A Christmas present for Wallace
WALLACE — Richard “Dick” Caron, a local Silver Valley historian, recently gave Wallace a beautiful Christmas present.
During the tree-lighting ceremony at Magnuson Park in Wallace, Caron presented the Samuels Hotel sign. Caron and associates gathered resources to design, manufacture and install an interpretive sign with a surrounding brick frame.
The attractive sign is located at the site where the largest and finest hotel in Idaho once stood.
In 1908, “The Overland Monthly” magazine reported: “The city of Wallace is a veritable little jewel of a city, set snugly in its beautiful velvet case of green-clad mountains… but the pride of the city, and the whole district for that matter, is the new Samuels Hotel, a modern five-story brick structure that would be a source of pride to a city of 100,000 people.”
The Samuels has been the site of historical stories, one of which is the Rossi murder. Ron Roizen’s book, "The Rossi Murder: And the Unwritten Law in 1916's Wallace, Idaho," documents when Herman J. Rossi, one of Wallace’s leading citizens, shot and killed his young wife's lover, "Gabe" Dahlquist, in the Samuels’ lobby and got away with it.
The hotel had a good run from 1908 until it fell on hard times in the 1960s when the county took ownership of it. In 1974, the building was torn down to make room for the interstate relocation project.
A grant from the Idaho Humanities Council and the National Endowment for the Humanities awarded through Greater Wallace Community Development Corporation provided the largest support for the sign. Contributions from numerous local businesses and individuals added community sponsorship.

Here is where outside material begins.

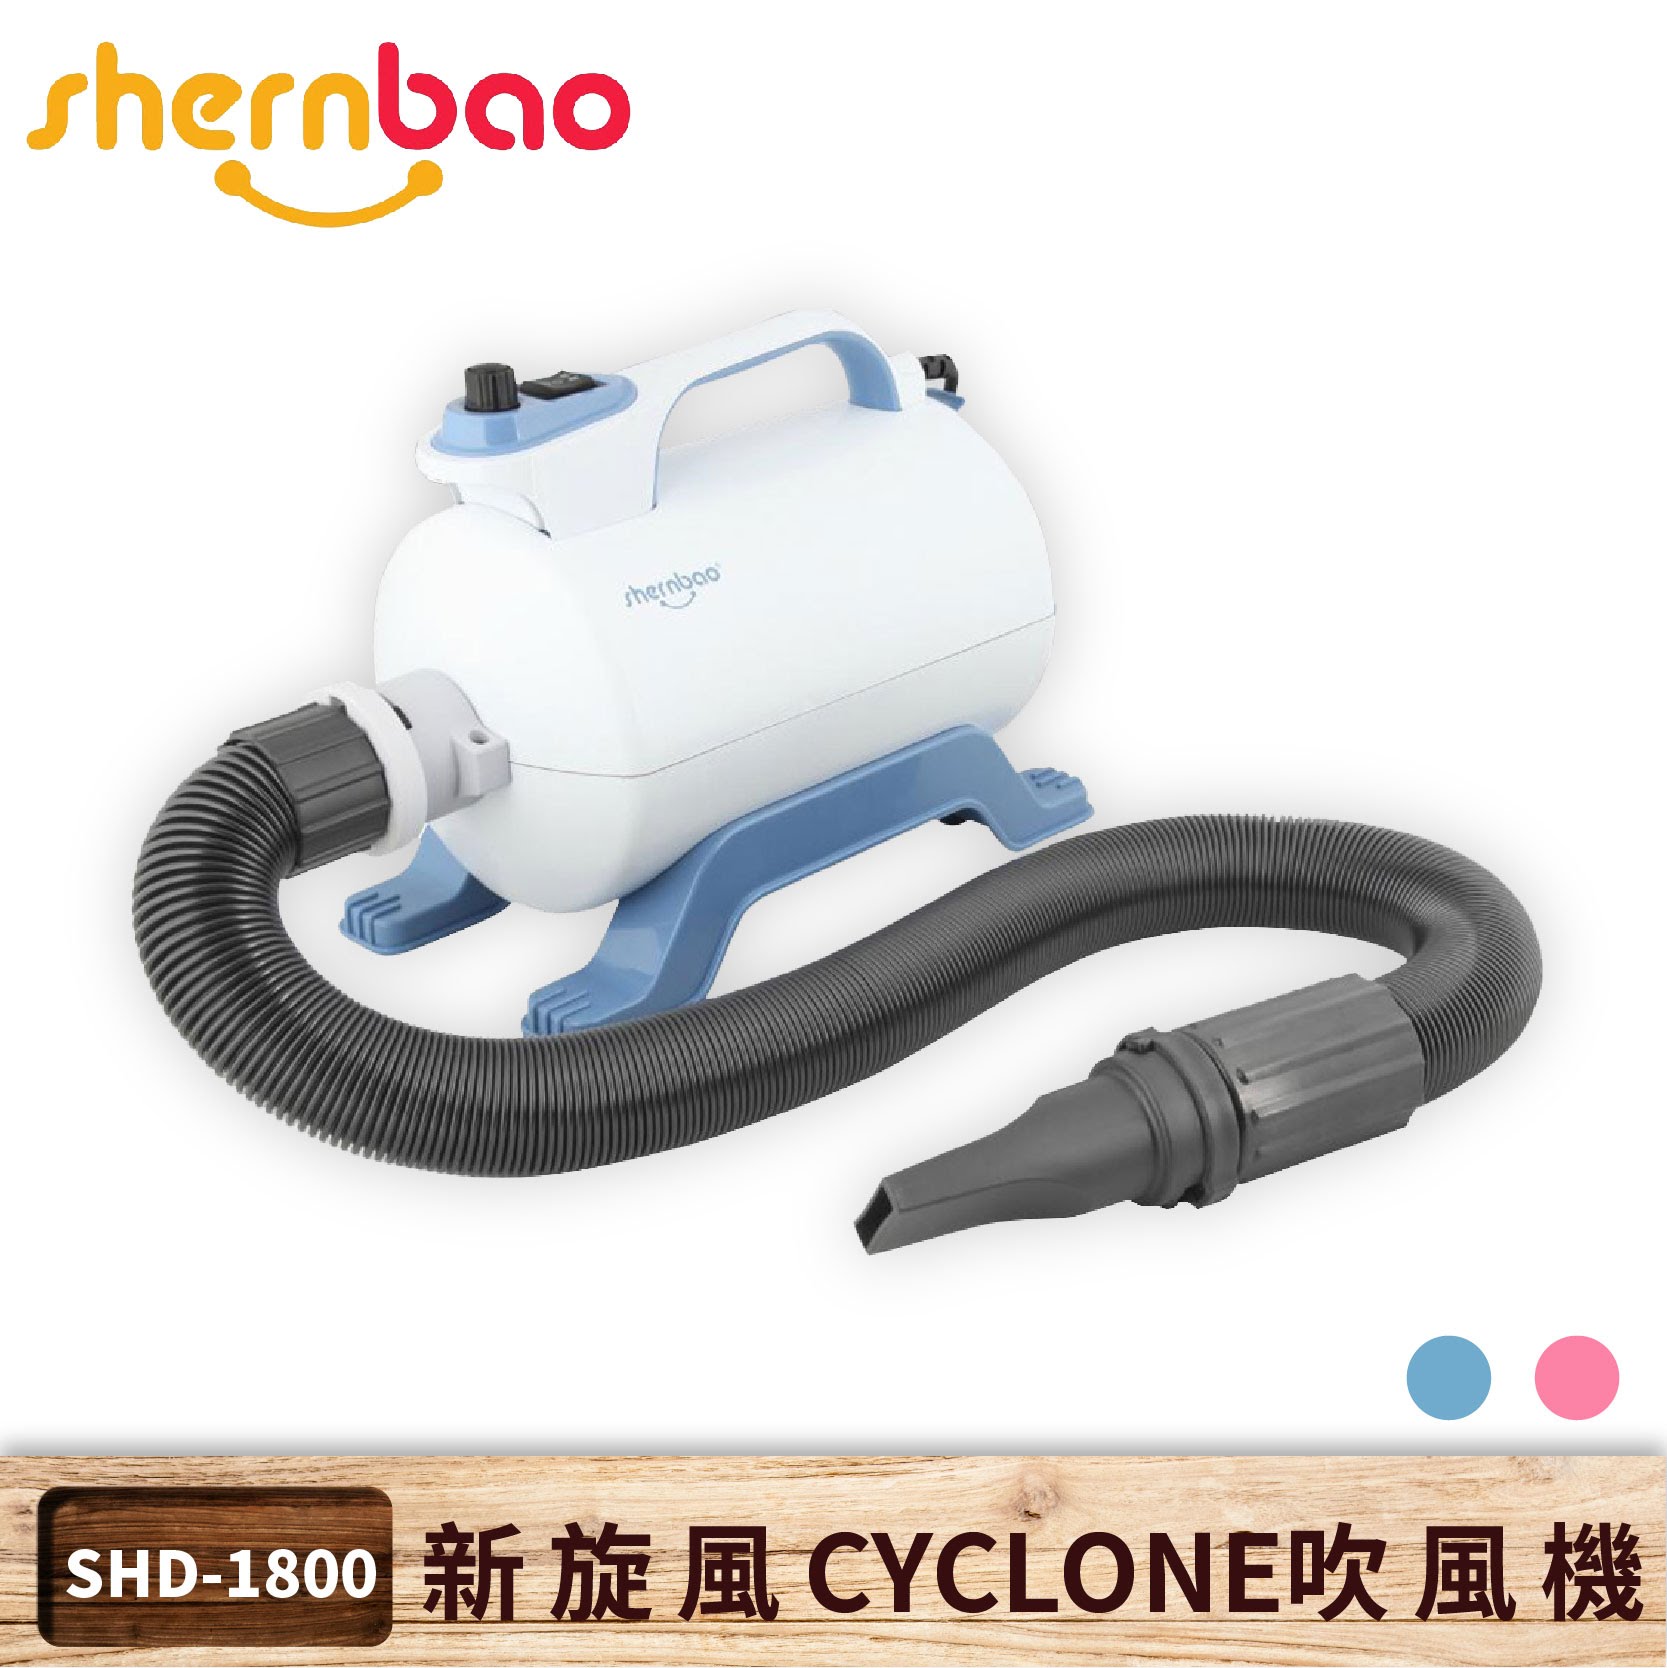 【神寶】新旋風 CYCLONE 寵物吹風機 SHD-1800 藍色 一般用單馬達 吹水機 清潔美容 寵物店 貓狗

Caron collects all matters of memorabilia having to do with Wallace’s history including items related to the Samuels. Some of the items illustrated on the sign include keys, a matchbook, a pocket knife, tokens, a brochure and a registration card.
Caron had a personal connection to the hotel as well.
The first floor housed several businesses, including the Wallace National Bank, the Samuels Club (later the Metals Bar), the Western Union office, the Veterans Club, an elegant café, a beauty salon and a brokerage house. Caron’s father, Joe Caron, leased and managed the Metals Bar in the early 1950s. His mother, Sigred (Egland) Caron, operated the Metals in the late 1950s.
Caron worked on other projects benefitting the city. He was instrumental in getting the entire town of Wallace listed on the National Register of Historic Places. Caron keeps an extensive file on everything that has happened in Wallace along with dates and comments on how things got started, which has facilitated town acknowledgment and historical integrity.
Shelves in Caron’s apartment hold antique toys, early posters of Wallace, old bamboo fishing rods, and jugs and bottles with “Wallace, Idaho” imprinted. He has the largest collection of Wallace brothel materials in existence. He has a collection of 200-300 early area postcards and literally thousands of items on paper. If it has the name of Wallace, Burke or any of the other area’s small communities, Caron has copies.
Caron prizes items from area old timers and prides himself on knowing who owned them. Dick Caron has been described as “Mr. Wallace” and he is certainly Wallace through and through.
Due to the efforts of Caron, the Samuels Hotel and the stories that took place there will be memorialized in the park. The building may be gone, but the spirit and history of the Samuels Hotel lives on.
Thank you for the beautiful present, Dick.